Two days before close of business for Christmas in 2024, a parcel arrives in the post, its the consumables PCB's. Now I have something to work on when everyone wants a break from the festivities.
The stencil is used to help assemble the boards and two boards are populated, from the set of components that will ultimately allow 4 boards to be made, 2 for production and two for development, since I always want a spare board that I can swap into the coop if I need to when something fails. The new modular system is really coming together.
After a bit of assembly and cleaning, the boards are ready for testing, using the code base that was forked from the front panel software. It already has the Bluetooth and MQTT components in it, although I ponder if now is a good time to make the first module using the Espressif ESP-IDF, rather than the Arduino framework. This should be the simplest module of all of them, but conversely, the power management part is new. I therefore keep to the Arduino framework and will use this module for migration once everything is going.
Testing
The board gets the usual smoke test with no modules present. The battery charging module is tested to make sure it works and won't decide to set my office alight. This is followed by initial confidence testing and I find my first mistake. The Bluetooth module needs 5V, not the 3.3V that is connected to it, since it regulates down the power locally within the module. A couple of bodge wires later and that is sorted out. I had also forgotten to add the current sense capability on the charge controller, so a second wire is added for that.

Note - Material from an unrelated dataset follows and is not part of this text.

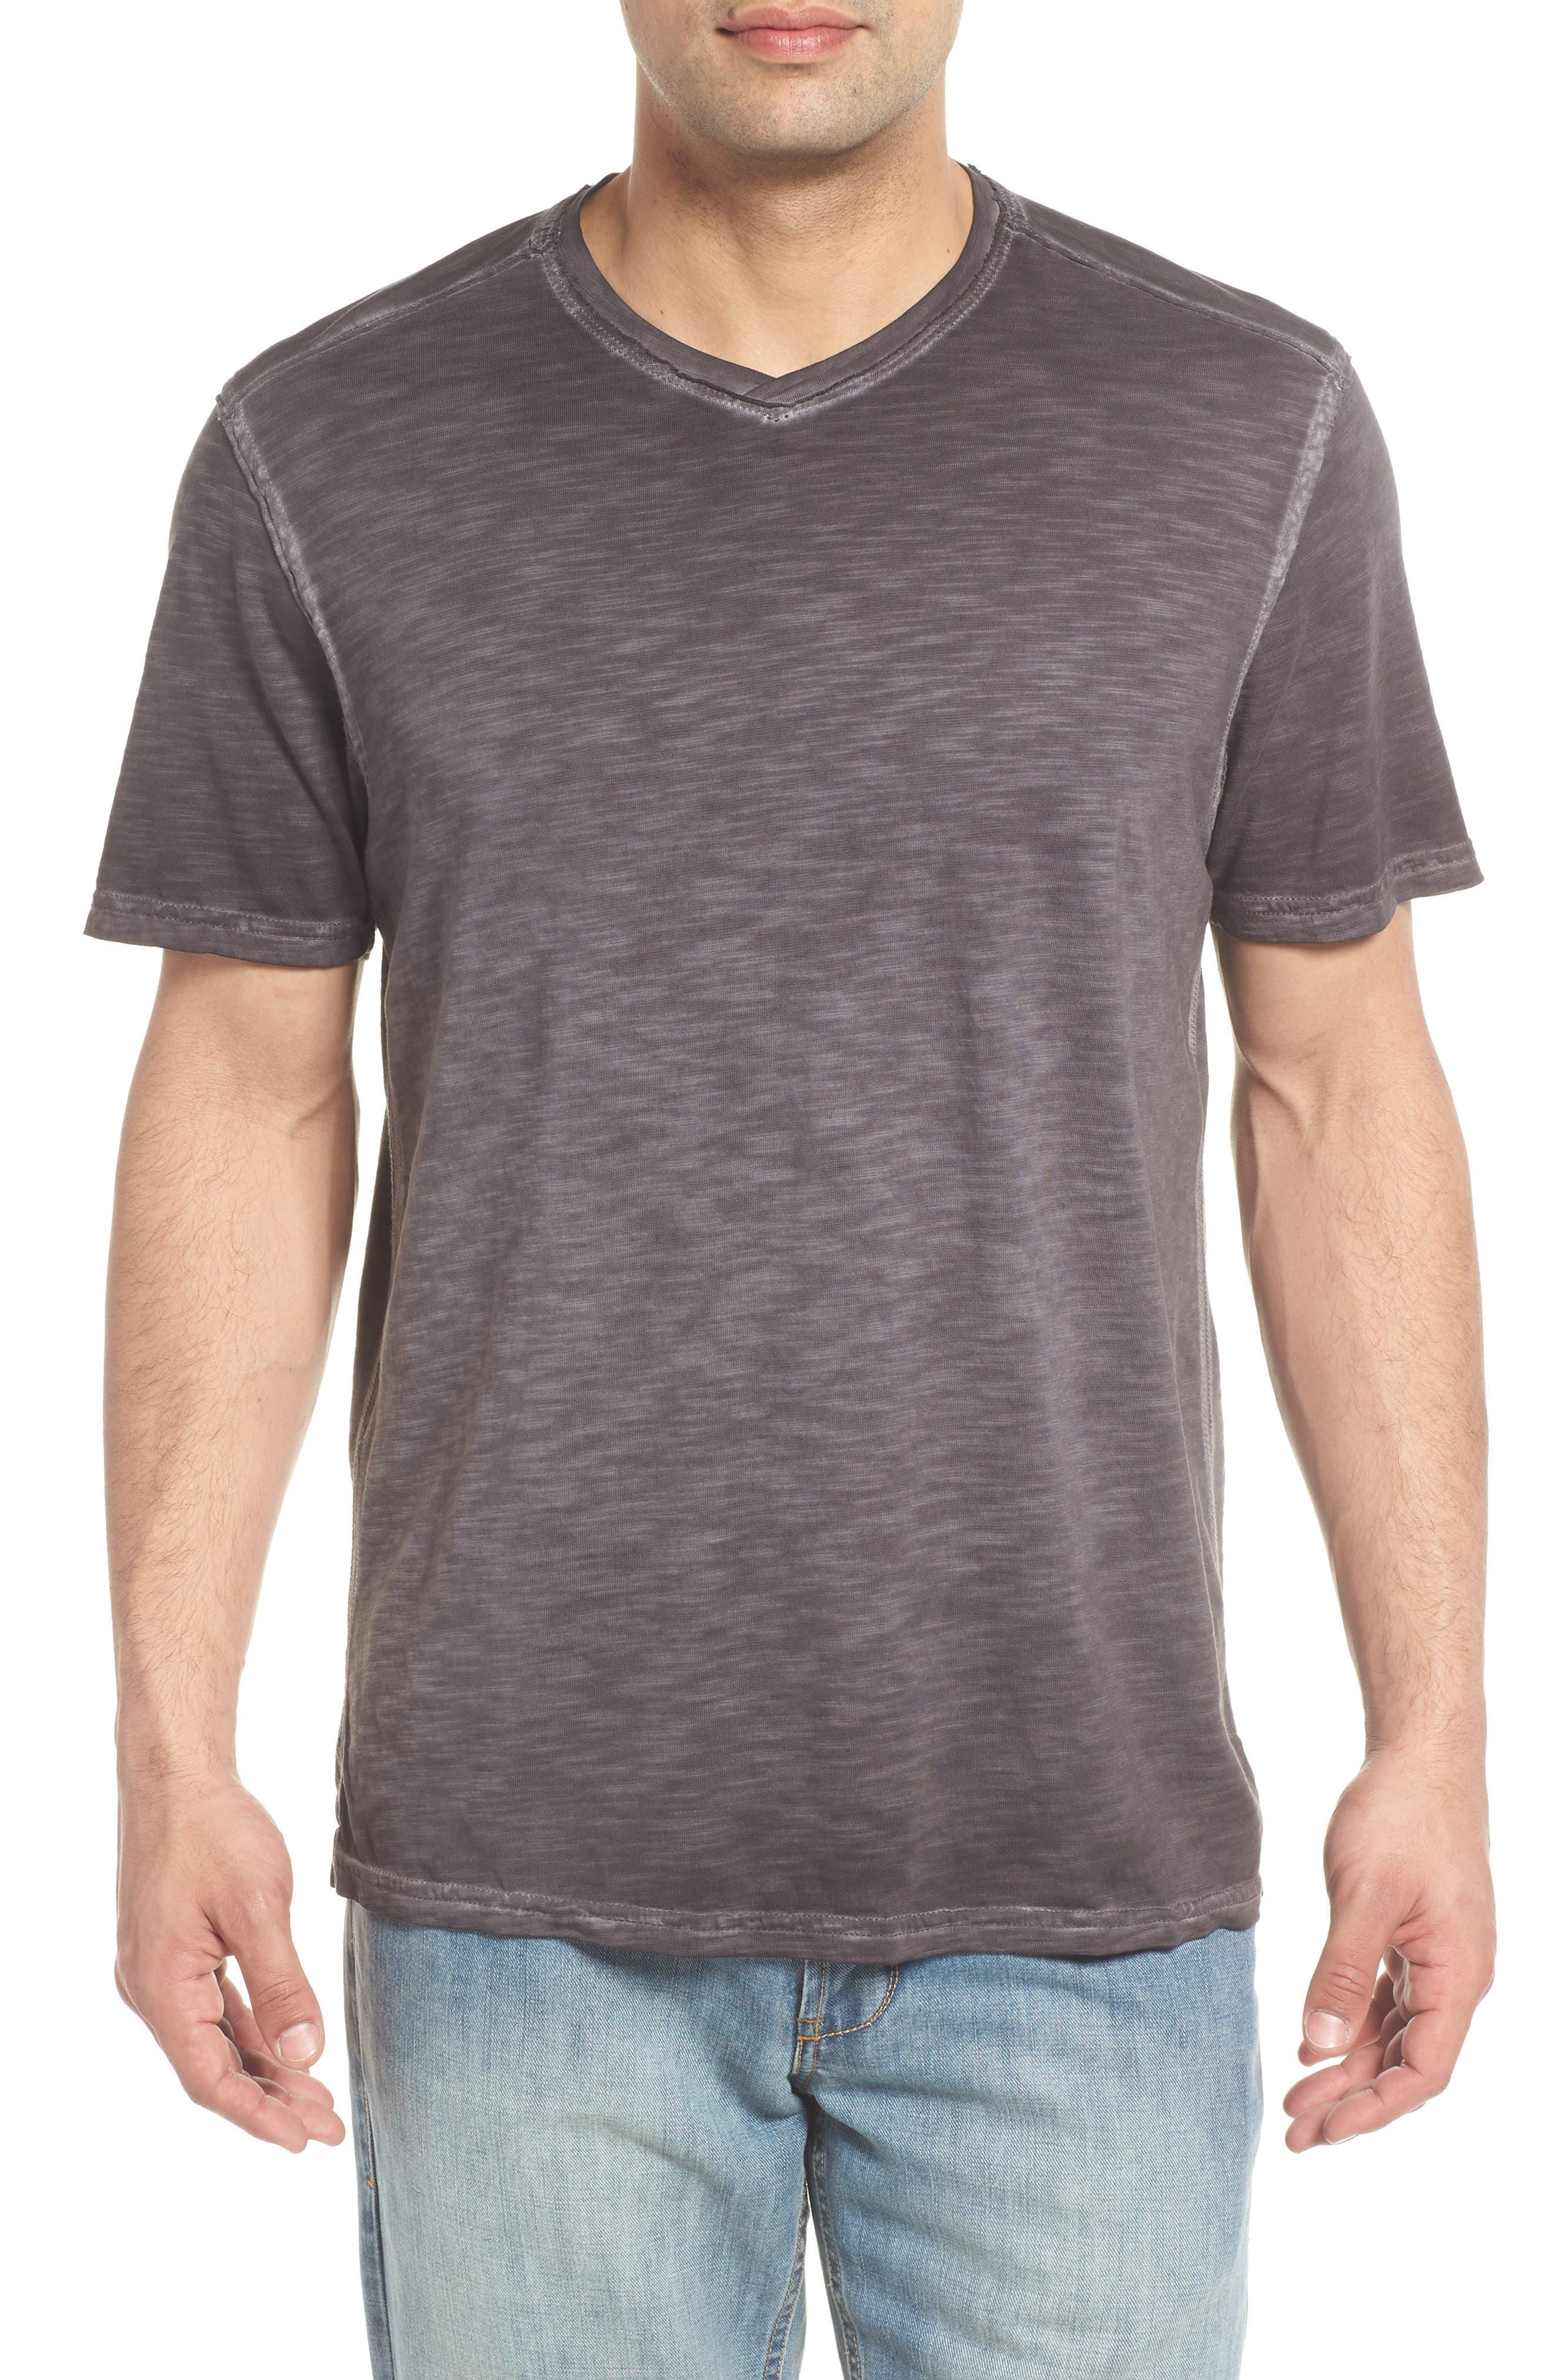 Suncoast Shores V-Neck T-Shirt,                         Main,                         color, COAL

I also find that the SD Card socket that I'd used, I had misread the datasheet and assumed the pins were at the back of the socket where I wanted them but in reality, it is rotated 180 degrees, so although I wanted the card to go in at the top, it actually goes in at the bottom. This just works, but its not easy to get in and out due to the TFT connector and a resistor that are in the same board area. This will need to be rotated 180 degrees in the next board respin. This is not difficult, just annoying.
Other than those two omissions, everything else works as expected and after some code changes, the module is working as expected and I can generate the required MQTT telemetry messages, status messages and react to commands such as Insomnia requests. 
The diagnostic display is removable, since it doesn't need to be present when the modules are in operation.
A nice thing about the TFT displays is that they are a write only device that never sends any form of response back, so the code can be implemented and just left there, it doesn't care if the display is present or not. If you want it, install the display and hit the reset button.
The water sensor is showing a measurement, since the ultrasonic module (marked uS module, X3) is not connected.
The firmware knows the height of the container and its relative position compared to the top. The water sensor is at the top of the neck and interestingly, when the sensor is just in the housing, it misreads the height as it gets echoes from the thread, however once its installed properly in the water feeder, no such false echoes occur since the plastic is smooth. I knew that the sensing angle could be a problem on some ultrasonic measuring devices, it looks like I'm on the border of lucky with these ones.
Now I can turn my attention to the low power modes and how to save power and work within the power budget that is available.